After having my first baby, i was quite "depressed", but i took up Tae BO(exercise, form of Karate, come kick boxing, come areobics). Great stuff. I bought the videos so do it in my own home and man, nobody would mess with me again (*lol*). I lost heaps of weight, and my confidence has come back bigger and better than ever before. I couldn't recommend it high enough. AND you get to have a good perv at Billy Blanks:9
Good luck with your riding, and believe in yourself. You Will over come it. :-)

Aunty Ma
12-04-00, 12:19 PM
Jittery- I nearly know how you feel, I havn't had a nervous breakdown but I am very cautious of fresh horses, freshly broken-in or green horses.

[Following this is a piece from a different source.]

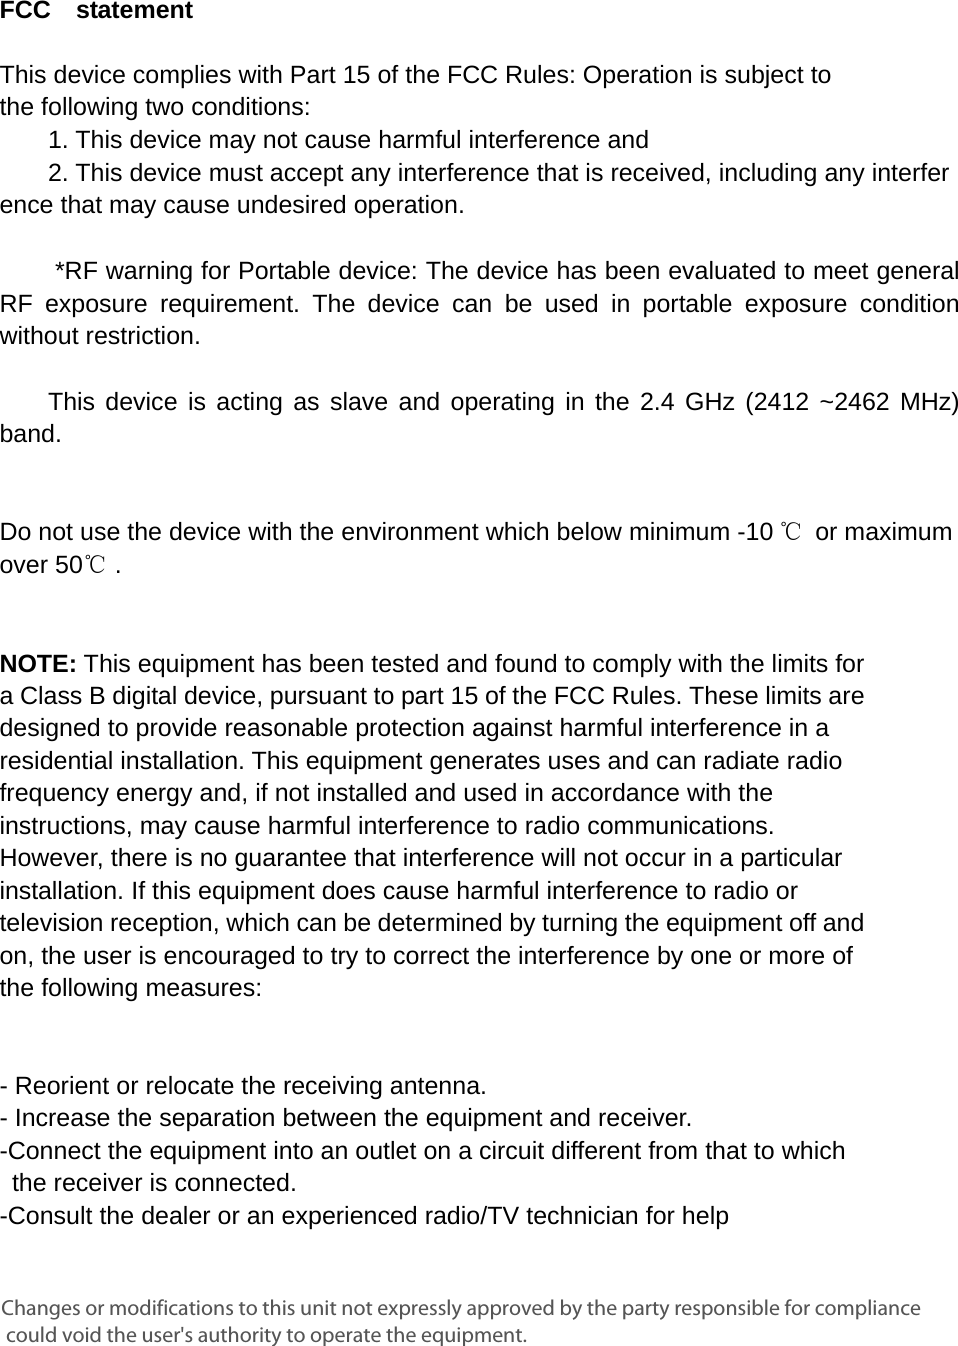      FCC  statement   This device complies with Part 15 of the FCC Rules: Operation is subject to  the following two conditions:   1. This device may not cause harmful interference and   2. This device must accept any interference that is received, including any interference that may cause undesired operation.        *RF warning for Portable device: The device has been evaluated to meet general RF exposure requirement. The device can be used in portable exposure condition without restriction.      This device is acting as slave and operating in the 2.4 GHz (2412 ~2462 MHz) band.      Do not use the device with the environment which below minimum -10 ℃ or maximum over 50℃ .     NOTE: This equipment has been tested and found to comply with the limits for a Class B digital device, pursuant to part 15 of the FCC Rules. These limits are designed to provide reasonable protection against harmful interference in a residential installation. This equipment generates uses and can radiate radio frequency energy and, if not installed and used in accordance with the instructions, may cause harmful interference to radio communications. However, there is no guarantee that interference will not occur in a particular installation. If this equipment does cause harmful interference to radio or television reception, which can be determined by turning the equipment off and on, the user is encouraged to try to correct the interference by one or more of the following measures:      - Reorient or relocate the receiving antenna. - Increase the separation between the equipment and receiver.   -Connect the equipment into an outlet on a circuit different from that to which the receiver is connected.   -Consult the dealer or an experienced radio/TV technician for help Changes or modifications to this unit not expressly approved by the party responsible for compliance could void the user&apos;s authority to operate the equipment.

I have my young riders(with no fear) ride my horses until I feel they are in "Mother Mode"-ever since having children I have lost a lot of confidence(I use to break horses-in & they actually turned into useful riding horses)

Instead of your friend riding your horse once a week,see if they can ride for a full week and definitely where you will ride. Apart from a quiet schoolmaster, do try your own as you were previously confident.

I have a stockhorse called "Moby", that I lend out to my young riders to campdraft-if he has a bad run they say he is still in "Mother Mode"-thinks he has to block a cow at a slow canter!!!

"Mother Mode", I feel is a REAL term, that will catch on. Jan's Irish Drafts look to be a good breed for us not so confident riders. I feel you have to be a Heath Ryan or equal to ride these talented young warmbloods.